9 Un-directed Spreadsheets II: What Can They Compute?

After a successful implementation of a PRAM in a row-directed spreadsheet and demonstrating that a large class of PRAM computations can be expressed in spreadsheets, it seems natural to attempt a similar goal for un-directed ones, too.

We demonstrate below, that one can create an un-directed row-organized spreadsheet which implements PRAM in a much more flexible way than the row-directed row-organized one.

Theorem 5

There exists a row-organized (but not row-directed) spreadsheet S2 consisting of 21 cells (A2 to A22) with formulas, one row for input and a separate input area for representation of a program (including a value of p), such that for every CRCW PRAM A with program \(\pi \) for every input vector v, if one

  1. 1.

    pastes the encoding of \(\pi \) into the program area of S2

  2. 2.

    marks and fills the initial range A2:A22 to the right for q columns,

  3. 3.

    selects rows from 13 to 22 of these q columns and fills downward so that the bottom row of the new range is \(10t+12\),

  4. 4.

    pastes into S2 the input vector v of A in the first row;

  5. 5.

    inserts a number into the input cell p

then the cells at the intersection of the bottom 10 rows with p columns of numbers from \(q-p-q\pmod p\) to \(q-q\pmod p\) compute the state of A after \(t*(q/p-1)\) steps of computation on v.

Informally, the spreadsheet S2 above is able to simulate any PRAM A, for which \(p=m\) in such a way, that filled to 10t rows and \(q\ge p\) columns, it can utilize this computation area to encode a PRAM with p processors and p cells of shared memory, running for tq/p time. Moreover, the parameter p is a part of the input, so only the whole input specifies, how many processors will be used in the computation. In particular, for \(p=1\), this results in a fully sequential computation of length tq.

Proof

The commented spreadsheet is provided as ESM spreadsheet S2. It is recommended that the reader first analyzes S1, on which S2 is based.    \(\square \)

It is instructive to compare spreadsheet S4 mentioned in Sect. 5 with the present S2. It seems at the first glance that the former is a special case of the latter. However, it is not the case. During the whole computation expressed in S4 it is always possible to refer to the values computed in the past, no matter how distant.

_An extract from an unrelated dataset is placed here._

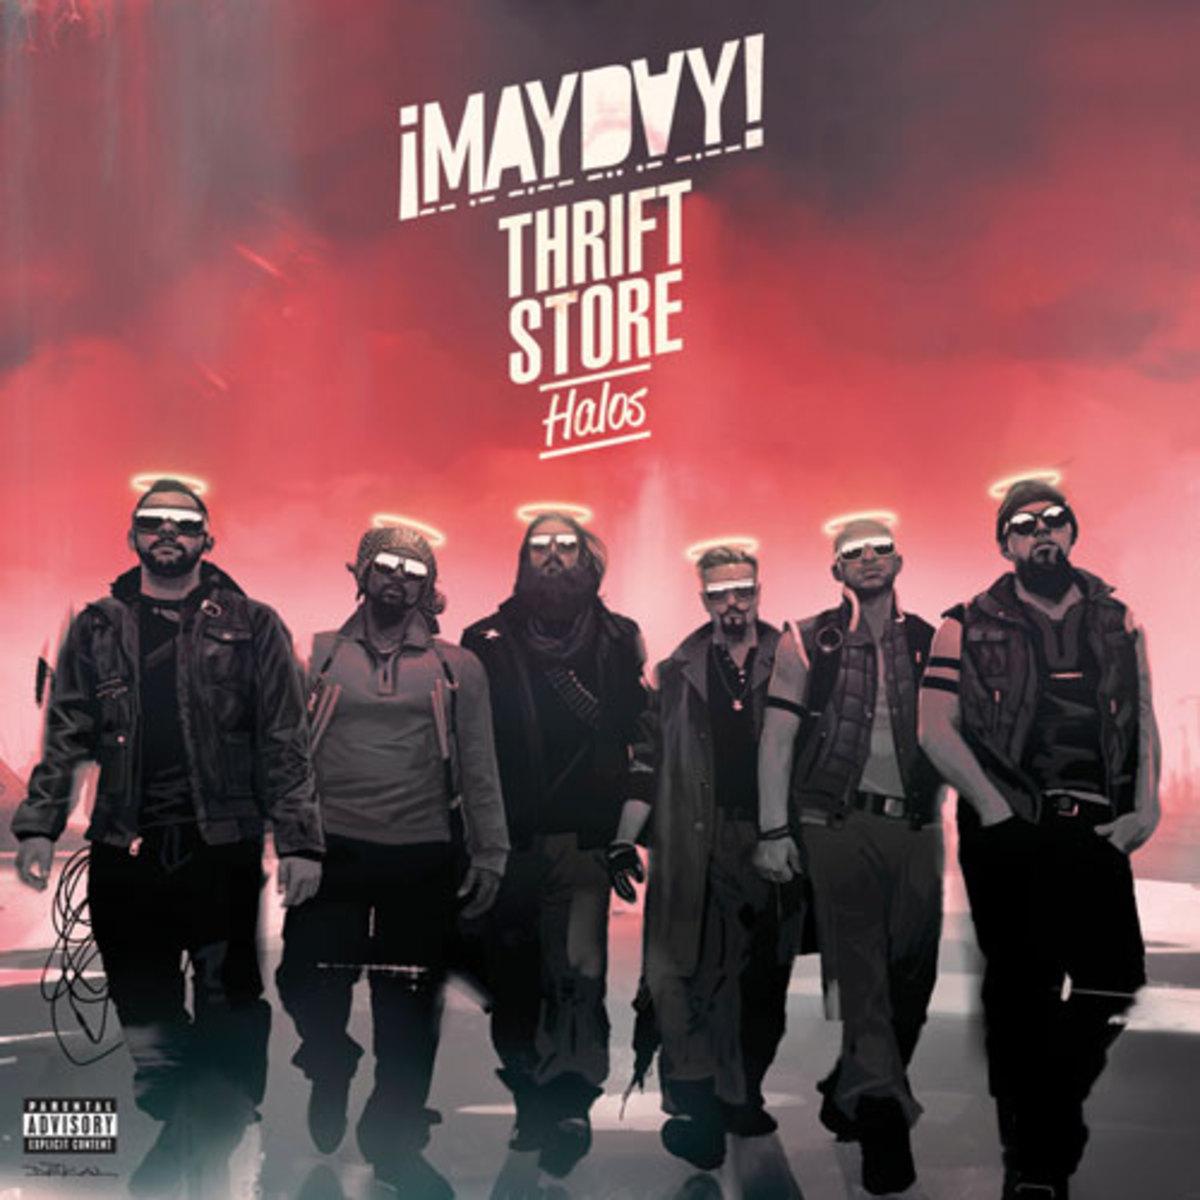 mayday-thriftstorehalos.jpg

In S2 the simulated PRAM can only refer to the values computed in the previous step of simulation. This indicates the difficulty of describing the computations of a spreadsheet by a machine model. In a spreadsheet, every cell is immutable, but its value remains accessible forever. In typical machine models of computation, memory locations are mutable and write operations delete their previous contents.

10 Summary and Related Research

We have investigated spreadsheets as a class of algorithms, by assuming that they are small templates, which are filled to a larger area of the grid to process data of variable size.

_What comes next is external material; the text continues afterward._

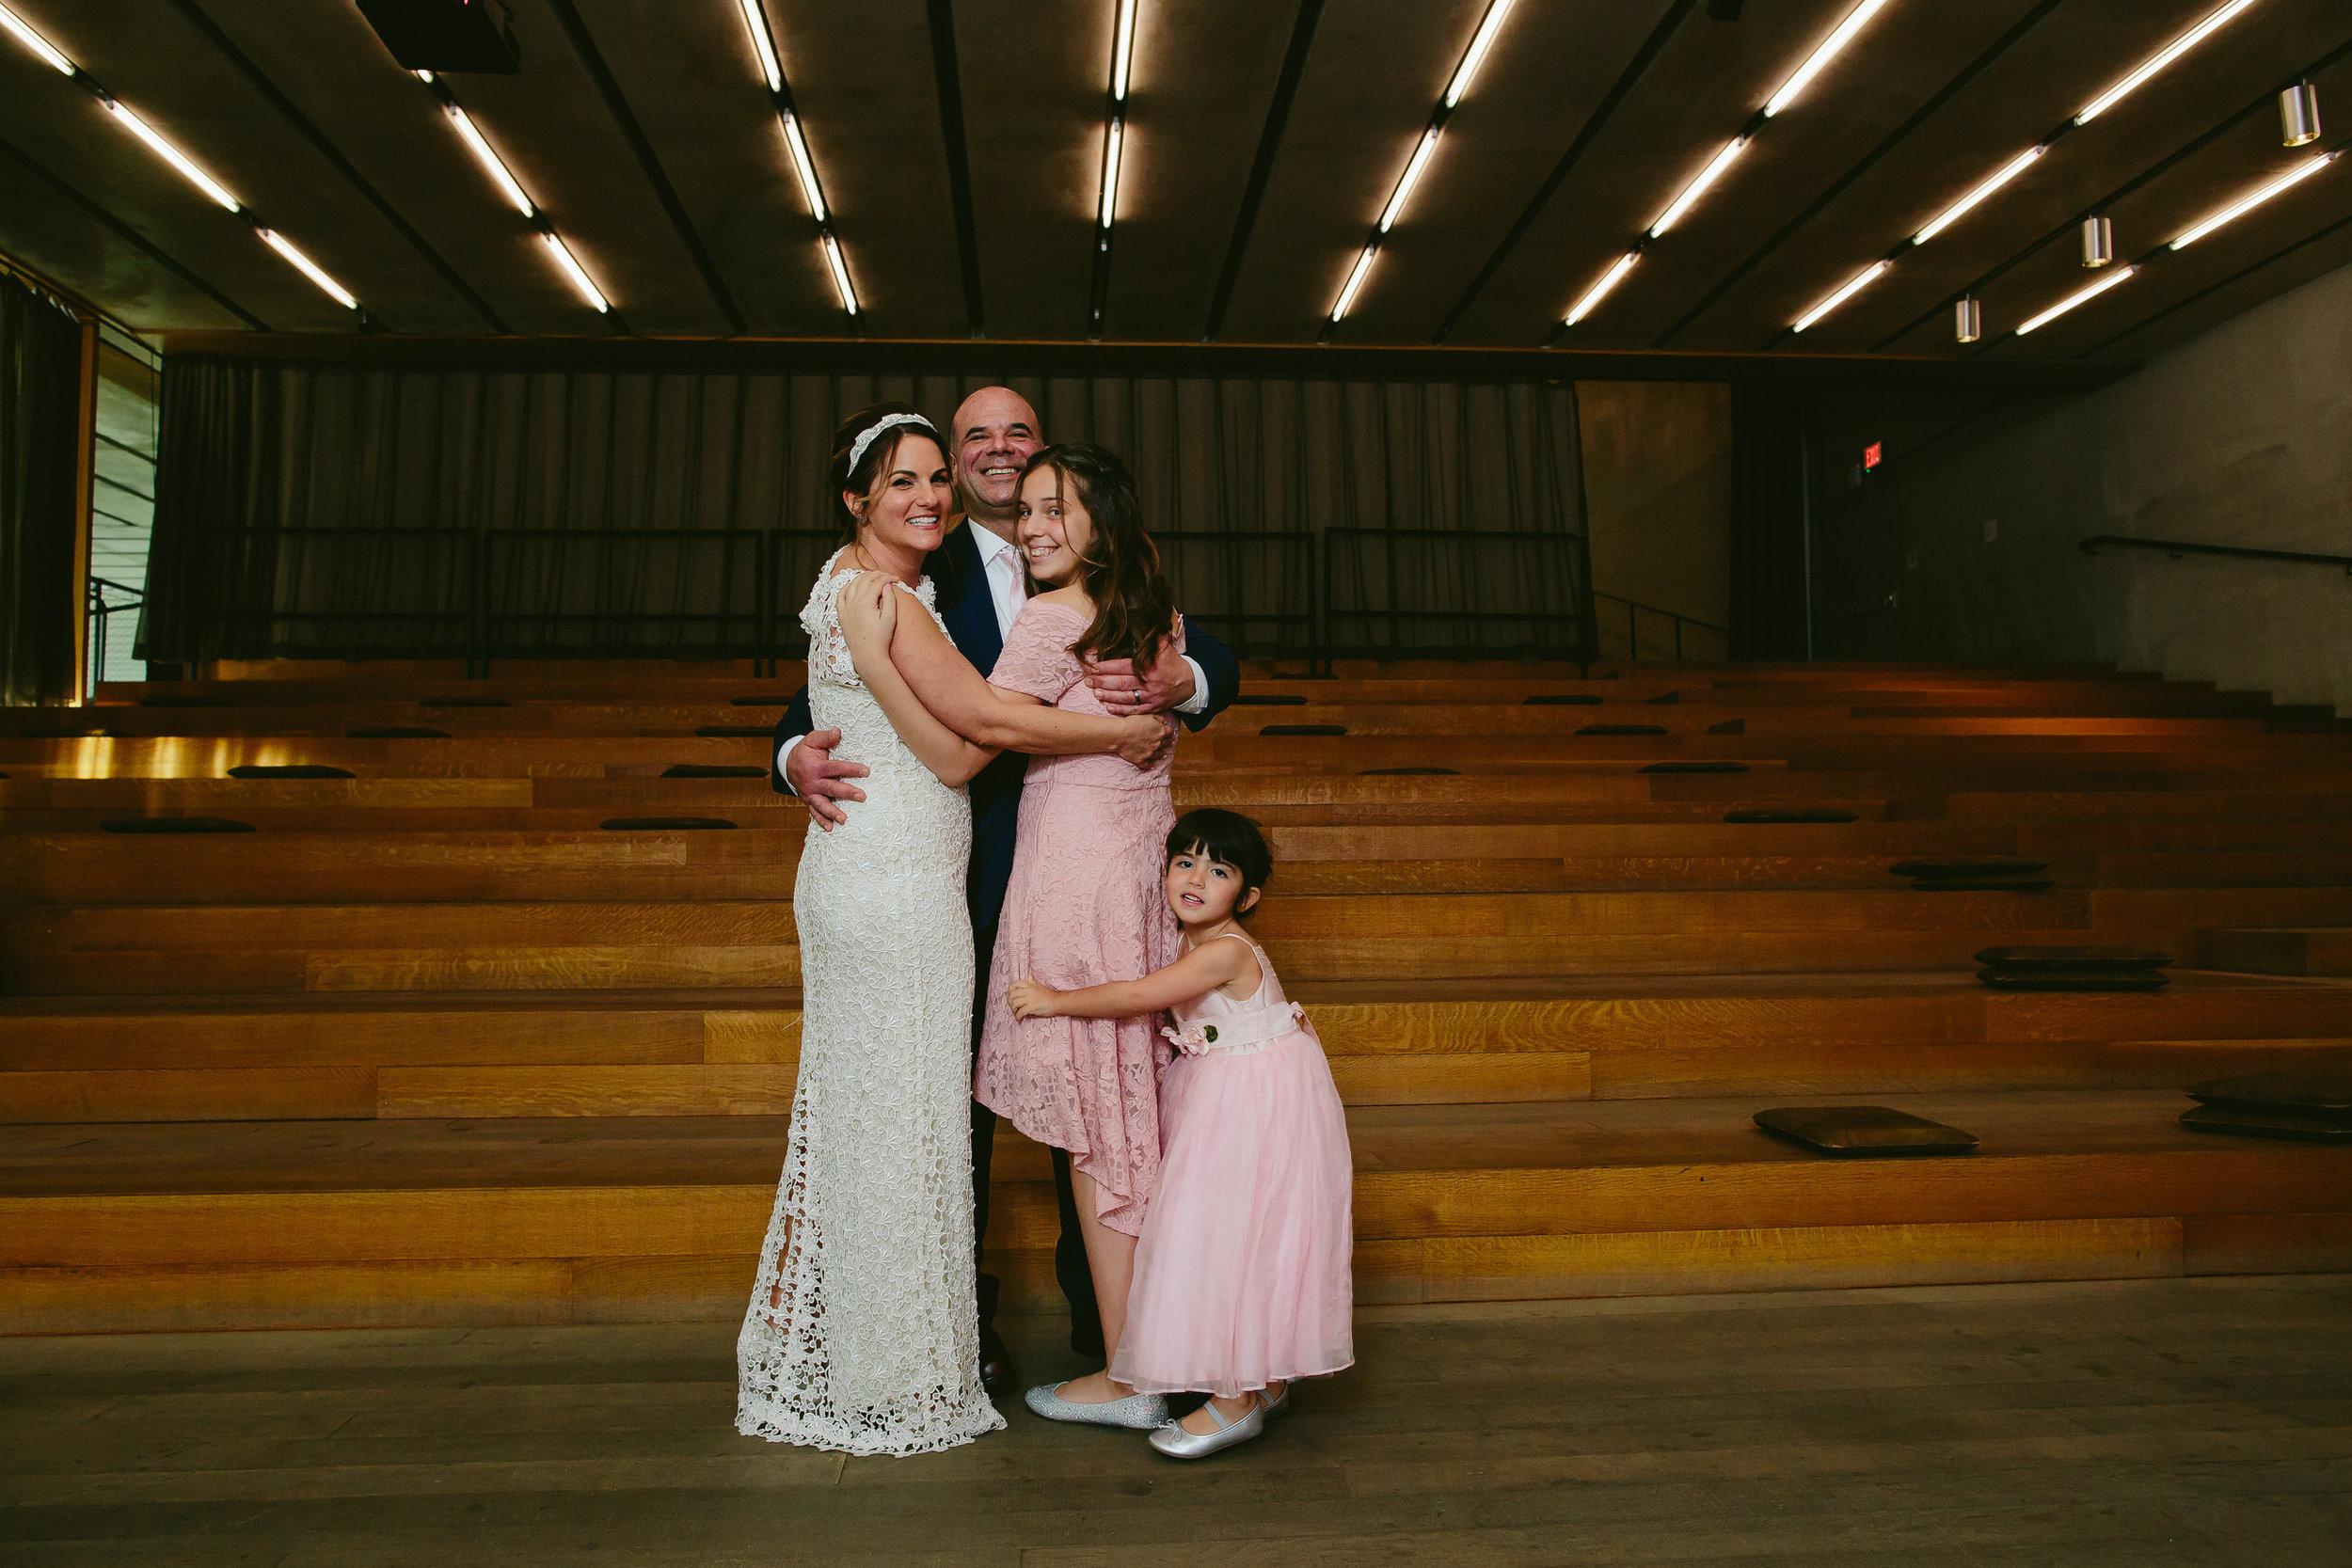 PAMM-wedding-group-portrait-steph-lynn-photo-21.jpg

Under this scenario we have identified simple structural properties of spreadsheets, defined in the terms of the pattern of references between cells, which determine the complexity of the expressible computations.

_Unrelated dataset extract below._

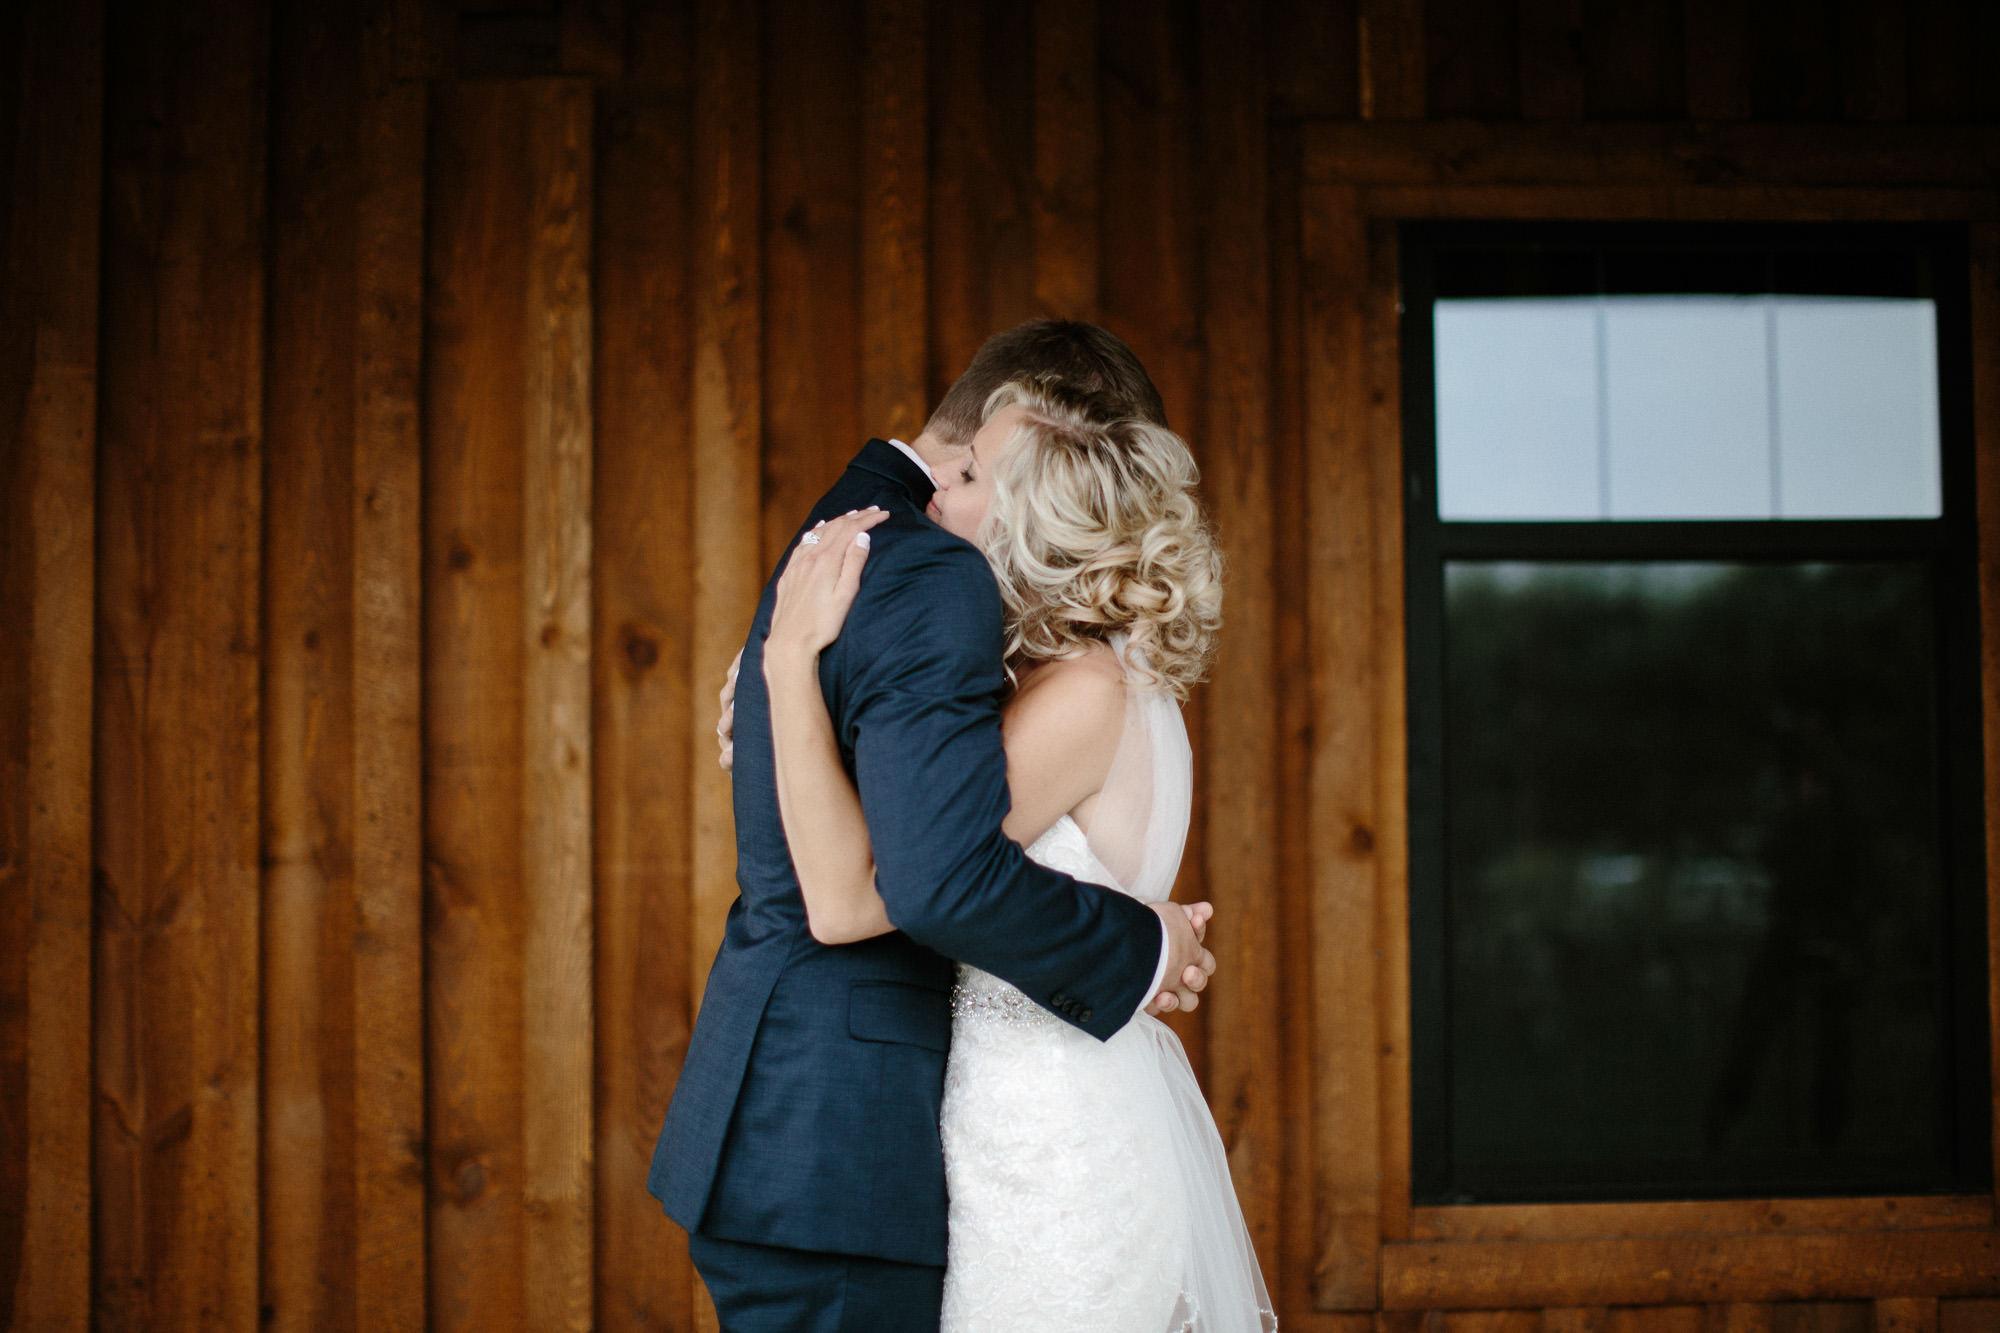 meadow-barn-wedding-sioux-falls-south-dakota-romantic-adventerous-michael-liedtke-photography024.jpg

In this paper, we analyze the computations expressible in spreadsheets and their relation to parallel complexity classes. Our findings shed light both on parallelization potential of certain structures in spreadsheets, and on the fundamental limitations of this approach. We have already mentioned research on parallelizing spreadsheet computations [2,3,4, 12, 14, 19]. There was very little previous research on lower bounds of the computational power of spreadsheets, although already [5] observed that they have universal computing power. The papers [1, 15] and [16] demonstrate simulations of various algorithms and models o computation using spreadsheets, but without any intent to estimate the full power of this computation paradigm. Paper [20] demonstrates how to implement relational algebra queries and several other general algorithms in spreadsheets (which turn out to be column-organized, but not necessarily column-oriented). [18] presents an implementation of a subset of Java in a spreadsheet, but without considering parallelism, which is the core topic of the present paper.